We launched the Web Service using two custom files - a PubSub configuration YAML file and JSON schema file.

The JSON columns file contains the schema for our data specified in JSON. Since our schema is not going to change, we use the Web Service to serve it from a file. If your schema changes dynamically, you will need to provide your own endpoint to the UI.

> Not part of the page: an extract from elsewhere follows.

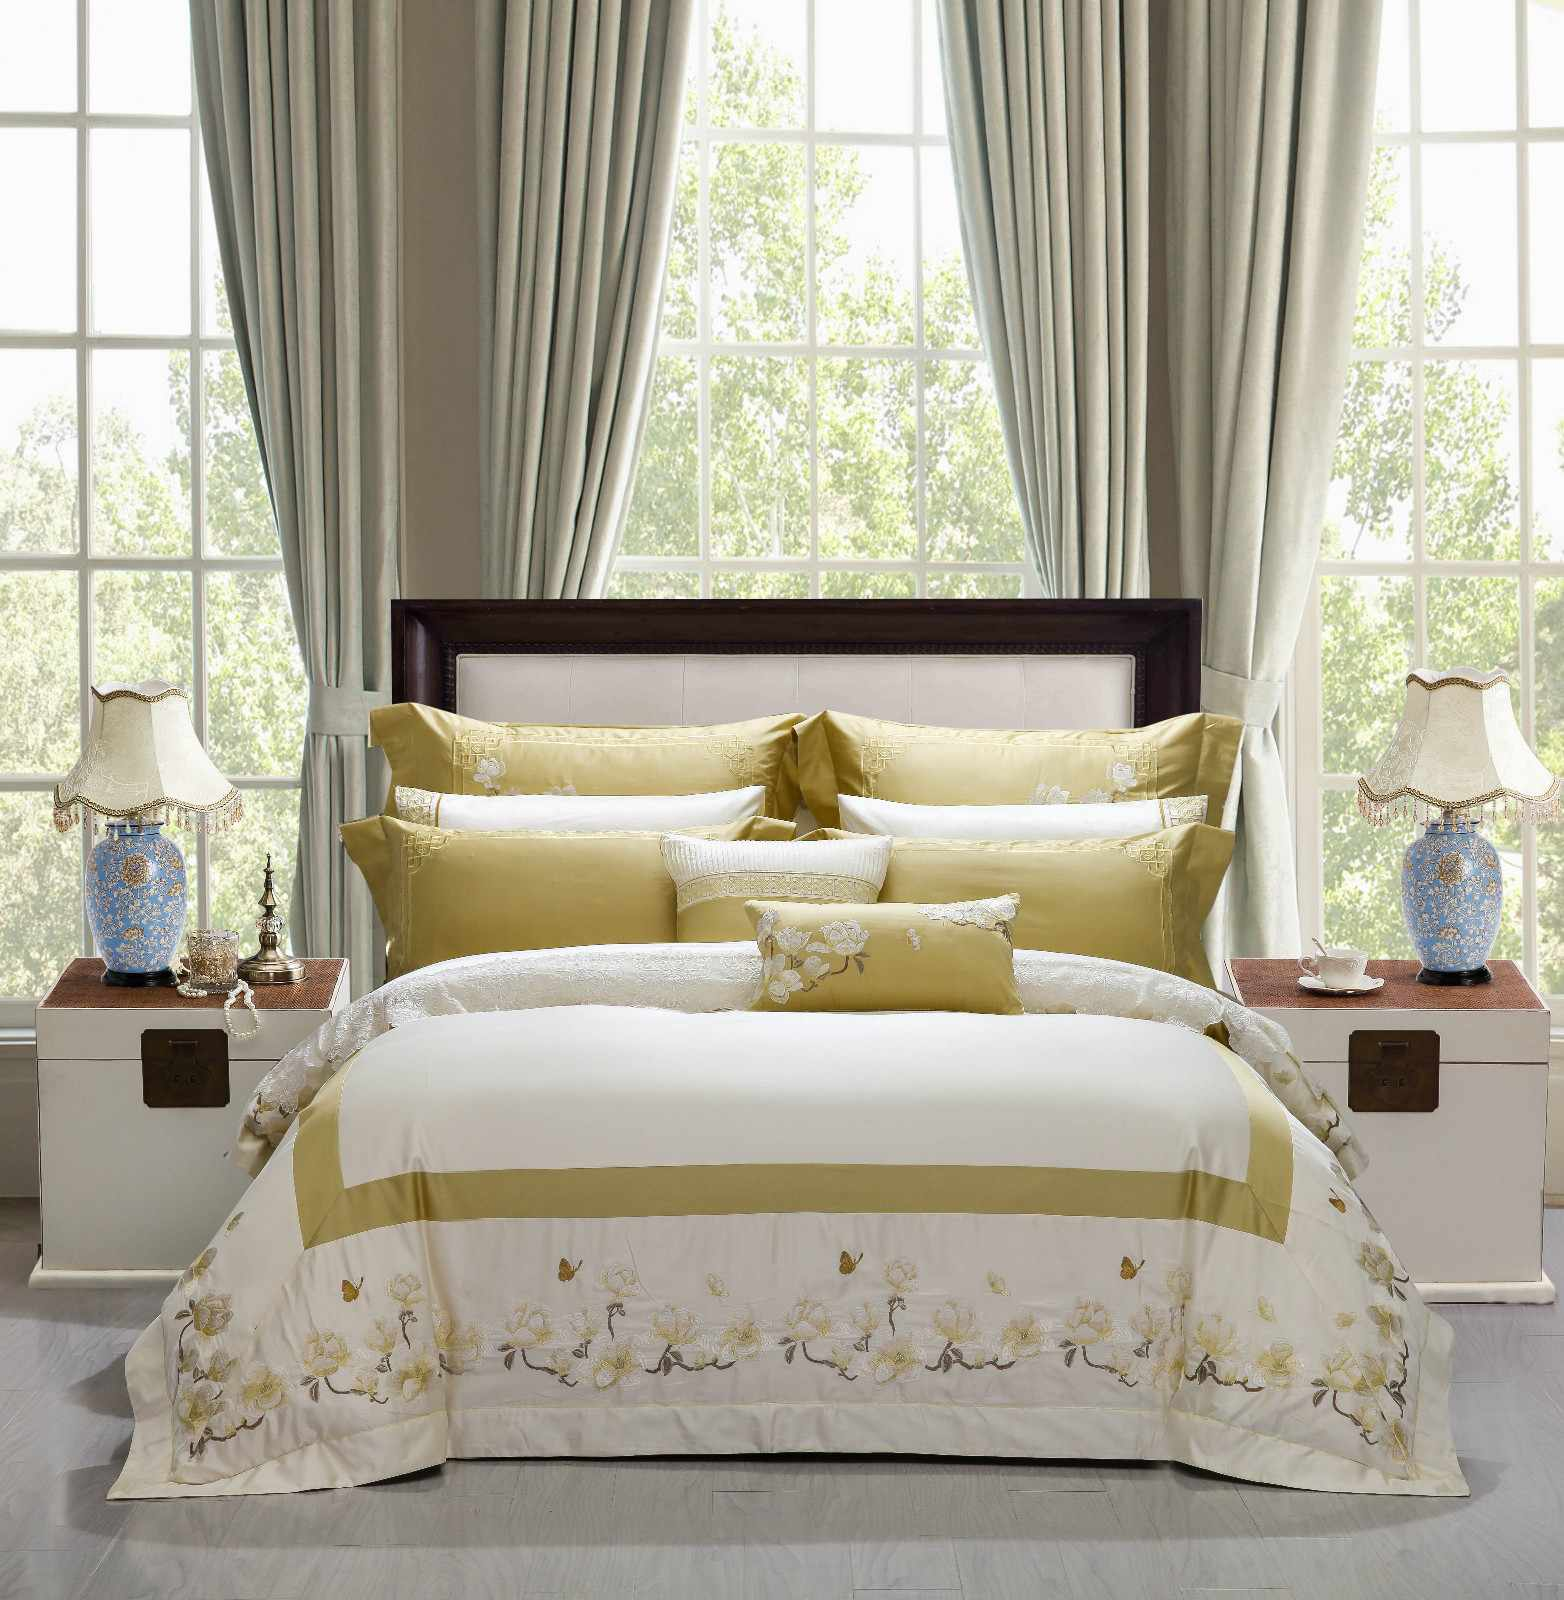 Daphne 100 cotton bedding sets brushed longstaple magnolia high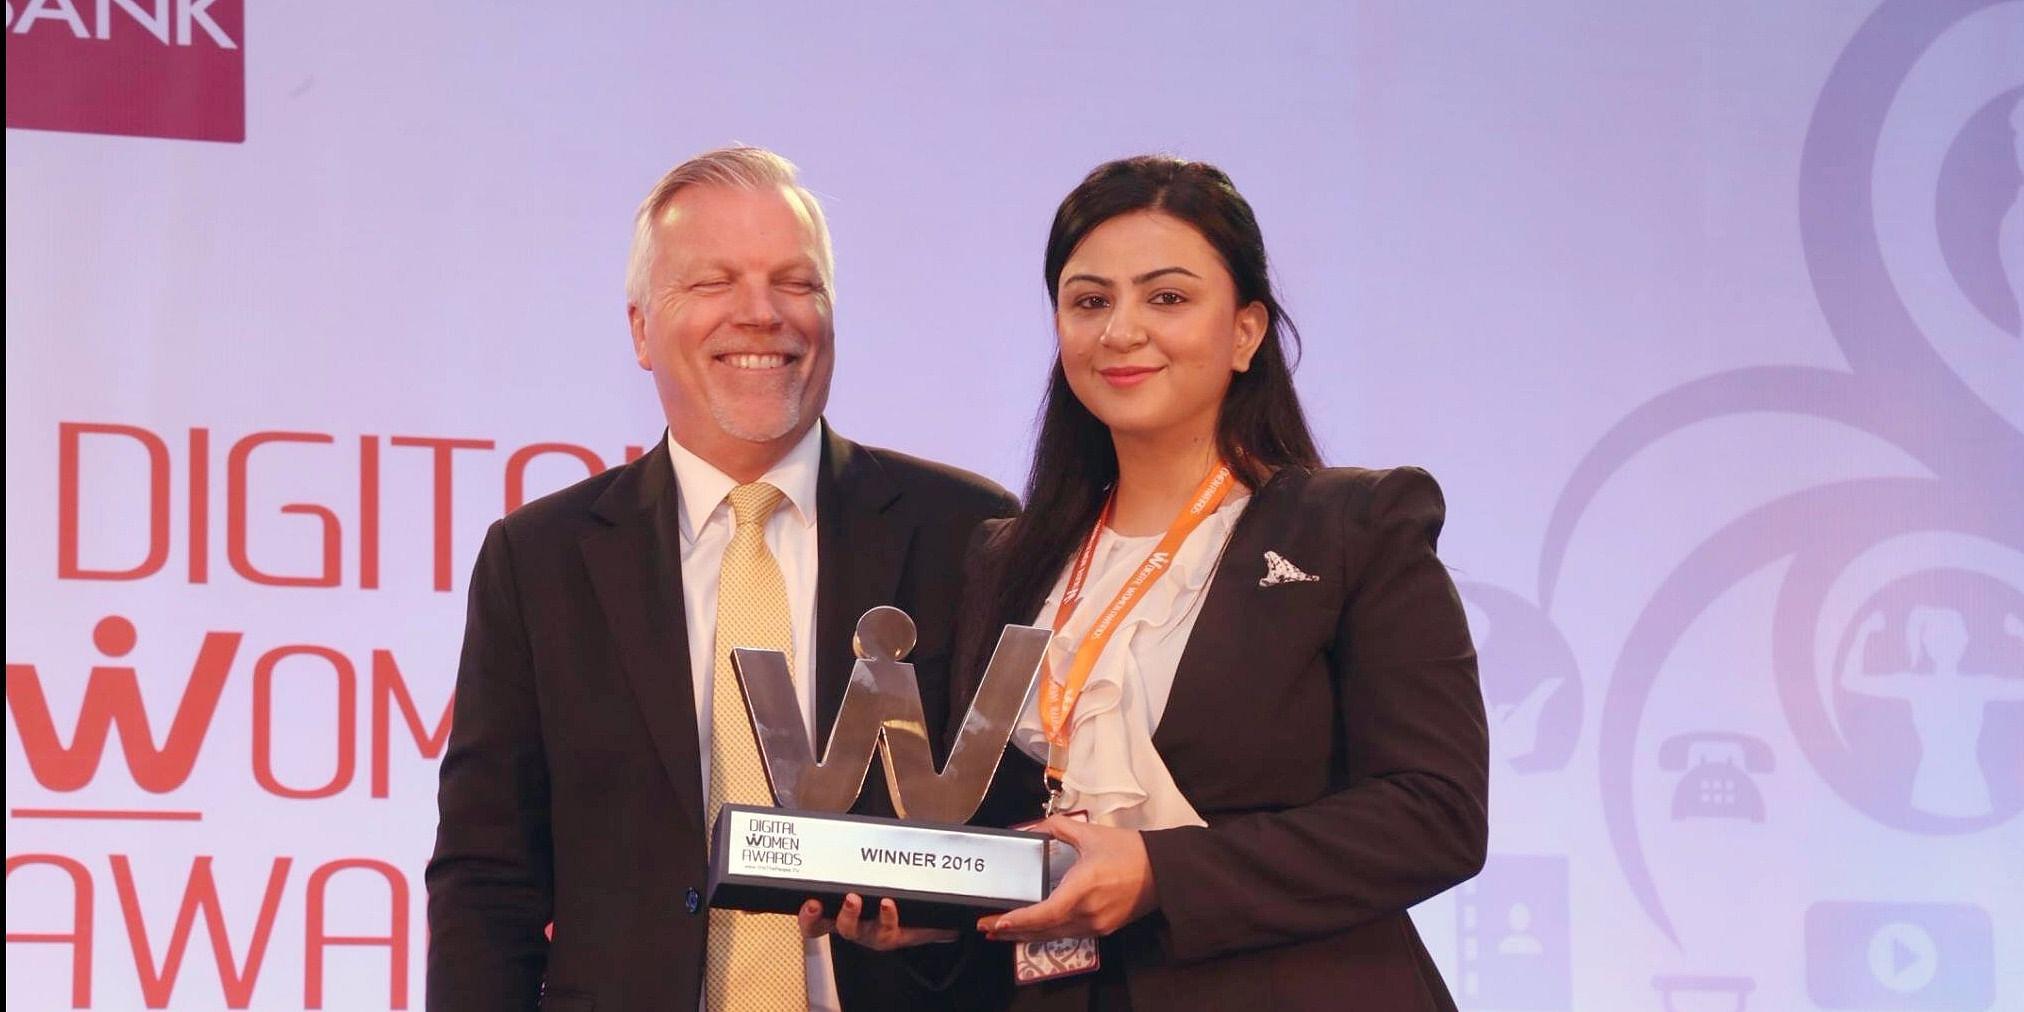 Mr. Wolfgang, Lufthansa India presenting an Award to Ms. Sakshi Talwar for Creative Disruptor, Rugs and Beyond

The following is a snippet from the JSON file. Notice how the types of the fields are specified. Also, if you have generated BulletRecord with Map fields whose keys are known, you can specify them here using enumerations.

[
    {
        "name": "probability",
        "type": "DOUBLE",
        "description": "Generated from Random#nextDouble"
    },
    ...
    {
        "name": "stats_map",
        "type": "MAP",
        "subtype": "LONG",
        "description": "This map contains some numeric information such as the current number of periods etc.",
        "enumerations": [
            ...
            {"name": "nano_time", "description": "The ns time when this record was generated"}
        ]
    },
    {
        "name": "classifiers",
        "type": "LIST",
        "subtype": "MAP",
        "description": "This contains two maps, each with: field_A and field_B whose values are randomly chosen from: foo, bar, baz, qux, quux, norf"
    }
]

The contents of the PubSub configuration file was discussed in the PubSub section above.

UI

Finally, we configured the UI with the custom environment specific settings file. We did not add any environments since we only had the one.

{
  "default": {
    "queryHost": "http://localhost:9999",
    "queryNamespace": "api/bullet/queries",
    "queryPath": "ws-query",
    "validationPath": "validate-query",
    "queryStompRequestChannel": "/server/request",
    "queryStompResponseChannel": "/client/response",
    "schemaHost": "http://localhost:9999",
    "schemaNamespace": "api/bullet",
    "helpLinks": [
      {
        "name": "Tutorials",
        "link": "https://bullet-db.github.io/ui/usage"
      }
    ],
    "bugLink": "https://github.com/bullet-db/bullet-ui/issues",
    "modelVersion": 4,
    "migrations": {
      "deletions": "query"
    },
    "defaultValues": {
      "aggregationMaxSize": 1024,
      "rawMaxSize": 500,
      "durationMaxSecs": 9007199254740,
      "distributionNumberOfPoints": 11,
      "distributionQuantilePoints": "0, 0.25, 0.5, 0.75, 0.9, 1",
      "distributionQuantileStart": 0,
      "distributionQuantileEnd": 1,
      "distributionQuantileIncrement": 0.1,
      "windowEmitFrequencyMinSecs": 1,
      "everyForRecordBasedWindow": 1,
      "everyForTimeBasedWindow": 2000,
      "sketches": {
        "countDistinctMaxEntries": 16384,
        "groupByMaxEntries": 512,
        "distributionMaxEntries": 1024,
        "distributionMaxNumberOfPoints": 200,
        "topKMaxEntries": 1024,
        "topKErrorType": "No False Negatives"
      },
      "metadataKeyMapping": {
        "querySection": "Query",
        "windowSection": "Window",
        "sketchSection": "Sketch",
        "theta": "Theta",
        "uniquesEstimate": "Uniques Estimate",
        "queryCreationTime": "Receive Time",
        "queryTerminationTime": "Finish Time",
        "estimatedResult": "Was Estimated",
        "standardDeviations": "Standard Deviations",
        "normalizedRankError": "Normalized Rank Error",
        "maximumCountError": "Maximum Count Error",
        "itemsSeen": "Items Seen",
        "minimumValue": "Minimum Value",
        "maximumValue": "Maximum Value",
        "windowNumber": "Number",
        "windowSize": "Size",
        "windowEmitTime": "Emit Time",
        "expectedEmitTime": "Expected Emit Time"
      }
    }
  }
}

Since we served our schema through the same Web Service as our queries, both these point to our Web Service. Note that there is no schemaPath because it must be the constant string columns. If you define a custom endpoint for your schema, you must ensure that it can be obtained by making a GET request to schemaHost/schemaNamespace/columns.